I found the proof of Hartshorne II.Lemma 6.1 very confusing. I will break down places I'm confused by.
First, (*) means we have a noetherian, integral, separated scheme which is regular in codimension one.
The Lemma states:
Let $X$ satisfy (*) and let $f \in K^{*}$ be a regular function on $X$. Then $v_{Y}(f) = 0$ for all but finitely many prime divisors on $Y$.
The statement makes sense. The proof goes:
Let $U$ be an open affine subset of $X$ on which $f$ is regular. Then $Z = X - U$ is a proper closed subset of $X$. Since $X$ is noetherian, $Z$ only contains at most finitely many prime divisors $Y$.
Question 1: Is this because $X$ is irreducble and $U$ is open, thus dense. Then every prime divisor contained $Y$ must be contained in an proper open set of $Z$, which must intersect $U$. Hence if there where infinitely many prime divisors in $Z$, then we could have constructed an open set not intersecting $U$?
It will be sufficient to show that there are only finitely many prime divisors $Y$ of $U$ for which $v_{Y}(f) \ne 0$. Since $f$ is regular on $U$, $v_{Y}(f) \ge 0$ in any case.
Question 2: Why so? We only know that either $f$ has non-negative valuation or its inverse.
And $v_{Y}(f) > 0$ iff $Y$ is contained in a proper closed subset of $U$ defined by the ideal $Af$ in $A$. Since $f \ne 0$, this is a proper closed subset of $U$, hence only contain finitely many closed irreducible subsets of codimension one in $U$.
Question 3: I'm not following either of the sentences here.
Many thanks!
Admittedly that proof could have used more details in my opinion.
Question 1: Either $Z$ is of codimension greater than $1$, in which case it cannot contain a prime divisor, or $Z$ is of codimension equal to $1$. In that case, prime divisors contained in $Z$ must be irreducible components of $Z$. Noetherian schemes only have finitely many irreducible components.
Question 2: The element $f$ is regular, so it lies within $\mathcal{O}_X(U)$. Looking back at the definition of the valuations, we see that for such elements the output is non-negative.

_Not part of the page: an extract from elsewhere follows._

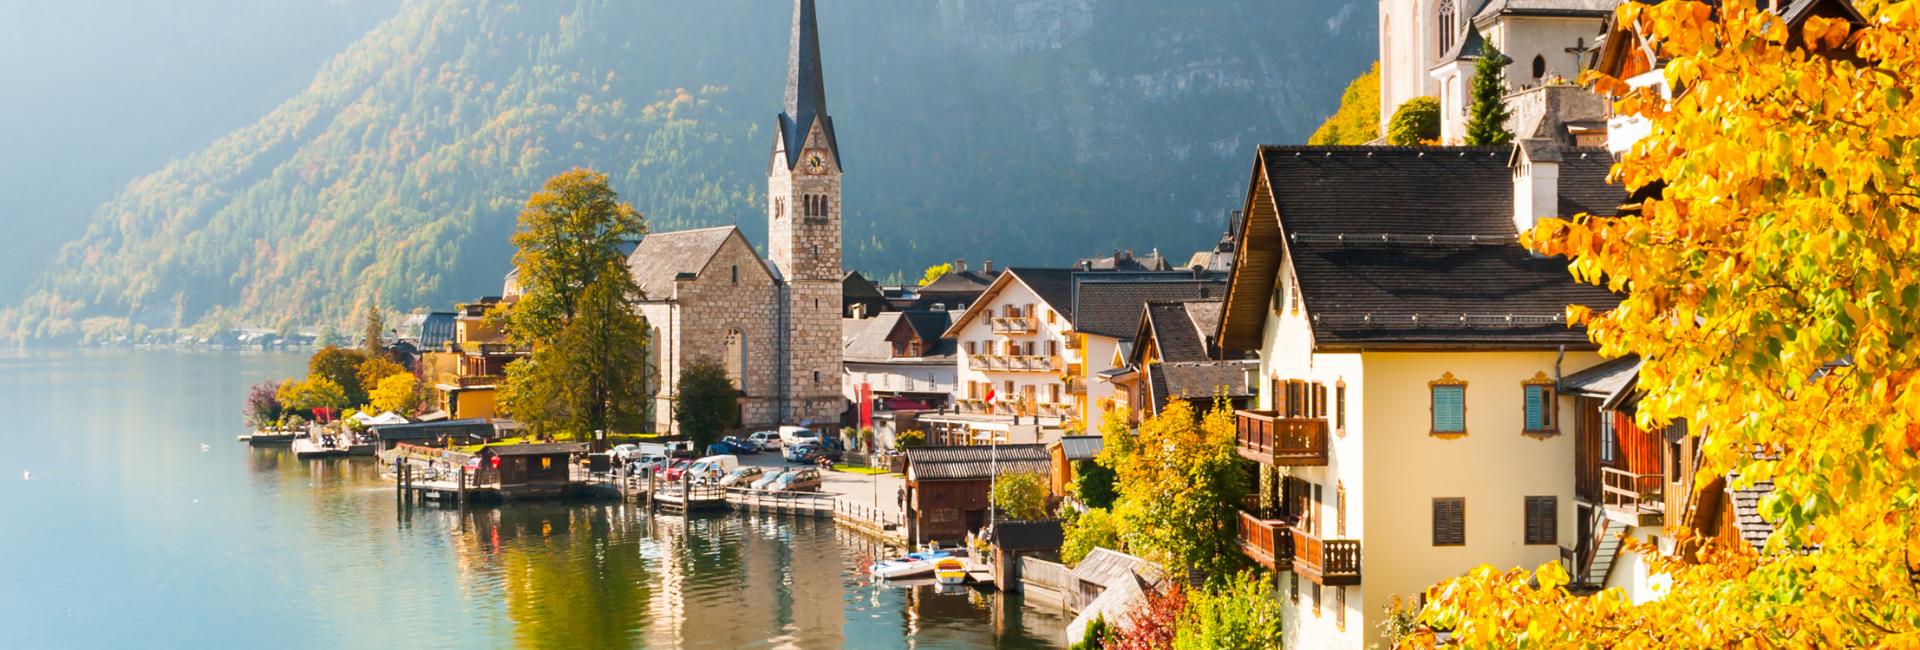 halstatt austria a place to honeymoon in europe

Edit: This prime divisor $Y$ will be an integral subscheme of $X$. It has a generic point $\eta$, whose stalk is $\mathcal{O}_{Y,\eta}$. By the conditions imposed on $X$, this stalk is a discrete valuation ring. This implies in particular that it has a unique maximal ideal $\mathfrak{m}_{\eta}$, that this maximal ideal is principal, say generated by some element $m$, and that every germ $g$ in $\mathcal{O}_{Y,\eta}$ can be uniquely written in the form $u m^k$ for some unit $u$, and some $k \geq 0$.
Now, $v_Y$ is a map from the function field of $Y$ to the integers, i.e. a map $\operatorname{Frac}(\mathcal{O}_{Y,\eta}) \to \mathbb{Z}$. But how is it defined? For elements of $\mathcal{O}_{Y,\eta}$, we define it by sending $g$ to the $k$ within the expression $g = um^k$. Then, we extend it to the fraction field $\operatorname{Frac}(\mathcal{O}_{Y,\eta})$ by sending a fraction $g / h$ to $v_Y(g) - v_Y(h)$. With this in place, it is essentially by definition that a germ in $\mathcal{O}_{Y,\eta}$ gets sent to a positive value. Hence $v_Y(f)$ is non-negative if $f$ is regular.
(Though, to be fair, I don't remember Hartshorne giving this definition, and rather he just refers to 'the valuation'.)
Question 3: I presume $A$ is the ring such that $U = \operatorname{Spec}(A)$. In that case your prime divisor $Y$ will be of the form $V(\mathfrak{p})$ for some prime $\mathfrak{p}$ of $A$. As $v_Y(f) > 0$, this means that the germ of $f$ at the generic point lies in its maximal ideal; that is, $f \in \mathfrak{p} A_{\mathfrak{p}}$, so that $f \in \mathfrak{p}$. It follows that any prime containing $\mathfrak{p}$ will in particular contain $f$, so $V(f) \supseteq V(\mathfrak{p})$.
This $V(f)$ is a proper closed subset of your scheme $X$, so by the same reasoning as in the answer to Question 1, only finitely many prime divisors are going to be within it. So there can only be finitely many such primes $\mathfrak{p}$ such that $V(\mathfrak{p})$ is within this $V(f)$, and by the previous paragraph it is only these $\mathfrak{p}$ for which $v_Y(f)$ can be greater than $0$.